> [WHAT THE EXERCISE ASKS]:
Your answer must hold only the lines below from the line containing "Moskau, Russland, Meisterwerke" through the line containing "Drap de douche uni en 100% coton gris 70x140", each reproduced exactly.

> [INFORMATION GIVEN]:
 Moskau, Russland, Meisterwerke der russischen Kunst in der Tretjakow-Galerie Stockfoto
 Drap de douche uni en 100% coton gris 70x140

* * *

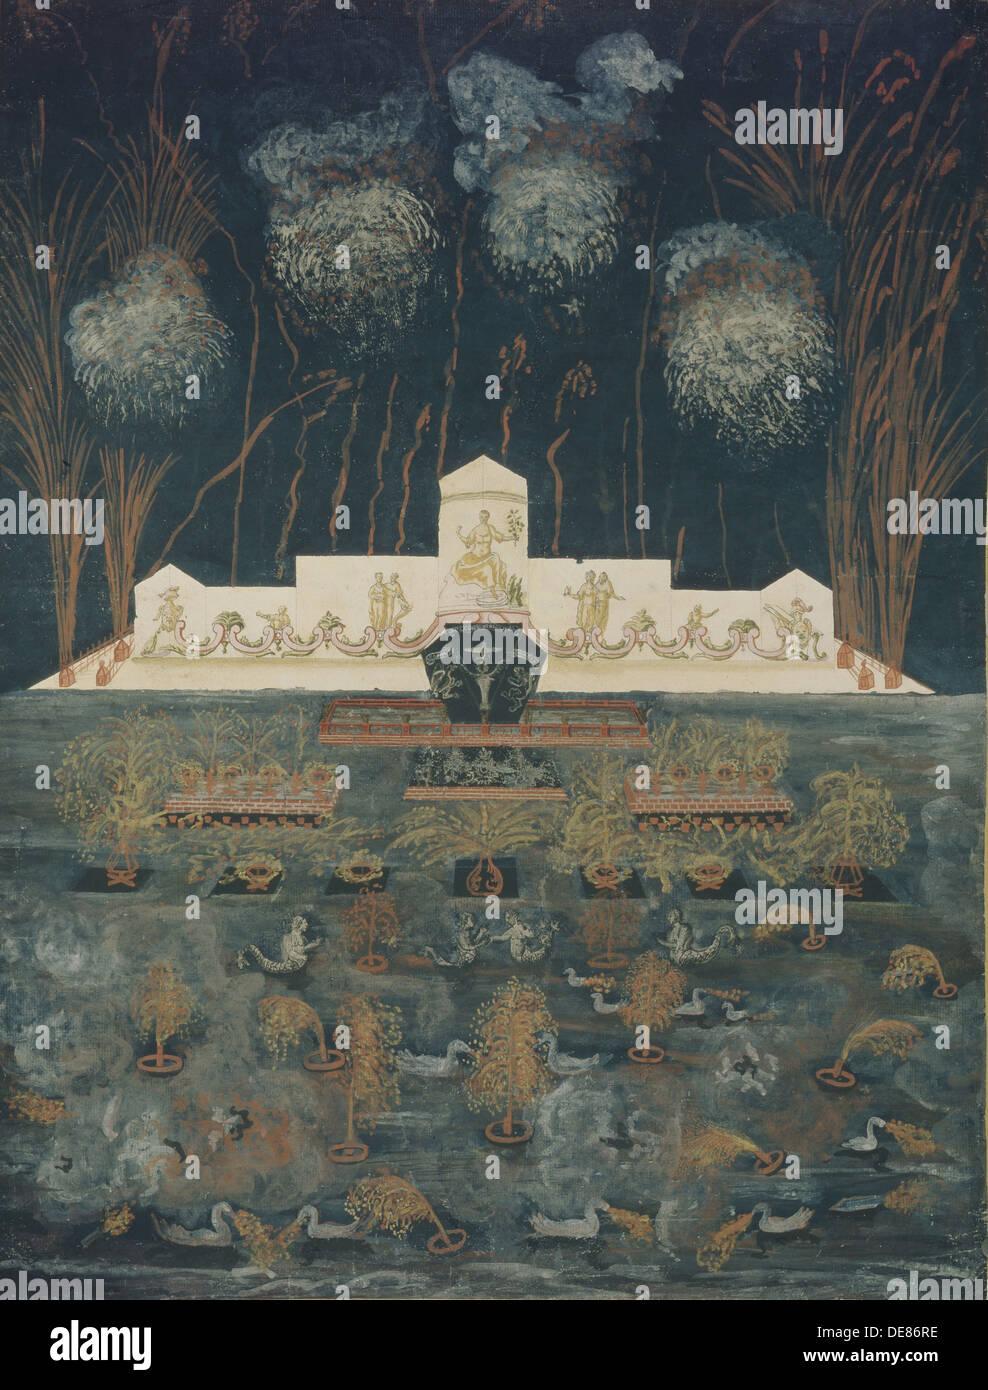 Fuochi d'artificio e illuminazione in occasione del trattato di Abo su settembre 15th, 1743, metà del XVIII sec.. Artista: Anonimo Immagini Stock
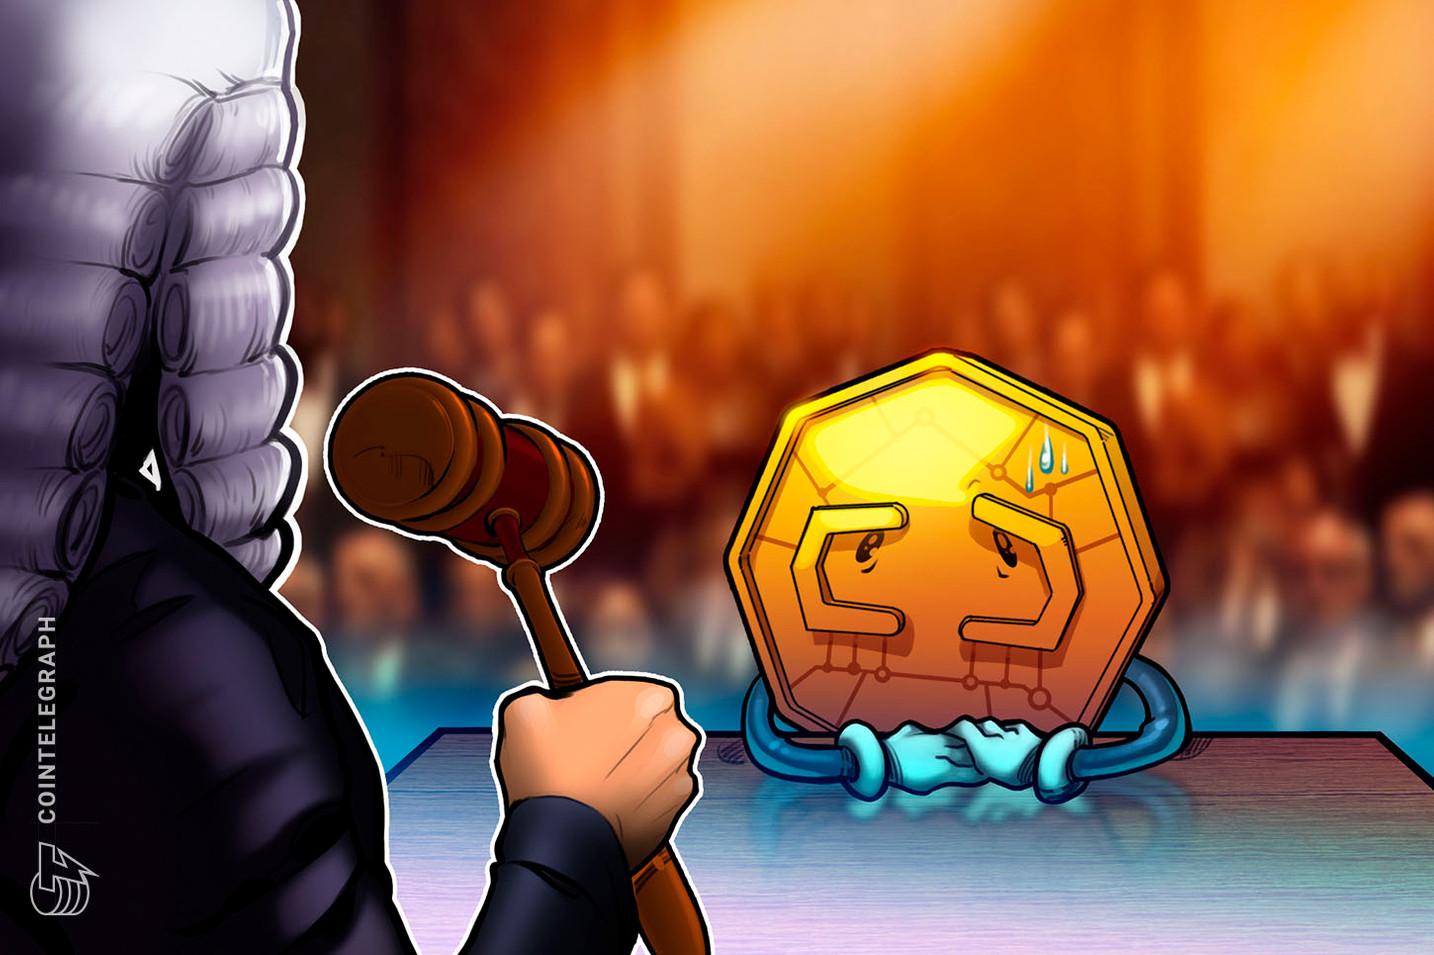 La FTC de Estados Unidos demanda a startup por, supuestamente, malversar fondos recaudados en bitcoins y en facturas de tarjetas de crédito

* * *

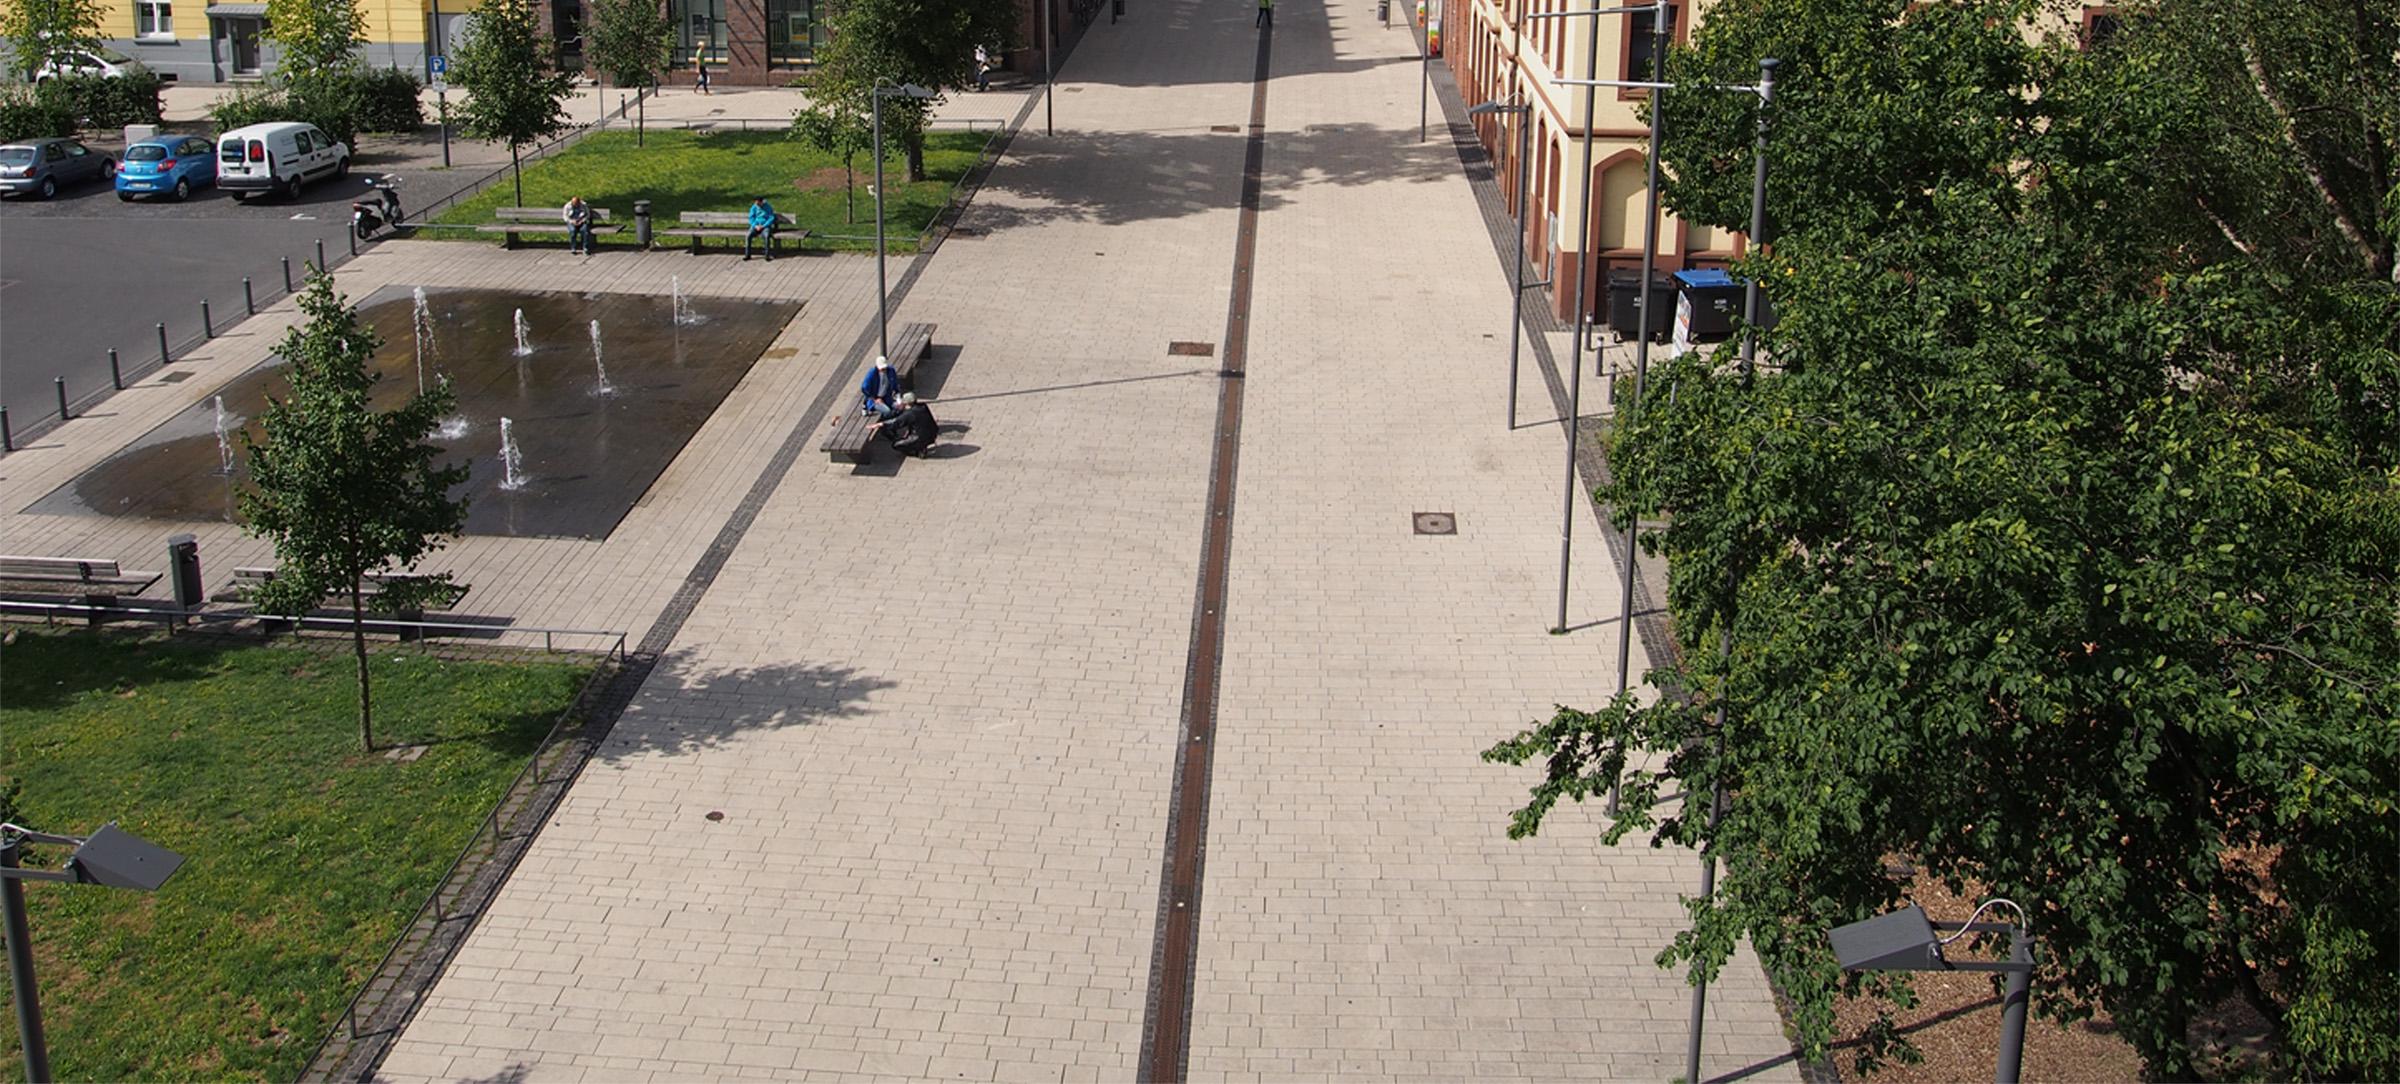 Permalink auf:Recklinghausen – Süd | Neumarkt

> [EXPECTED ANSWER]:
 Moskau, Russland, Meisterwerke der russischen Kunst in der Tretjakow-Galerie Stockfoto
 Drap de douche uni en 100% coton gris 70x140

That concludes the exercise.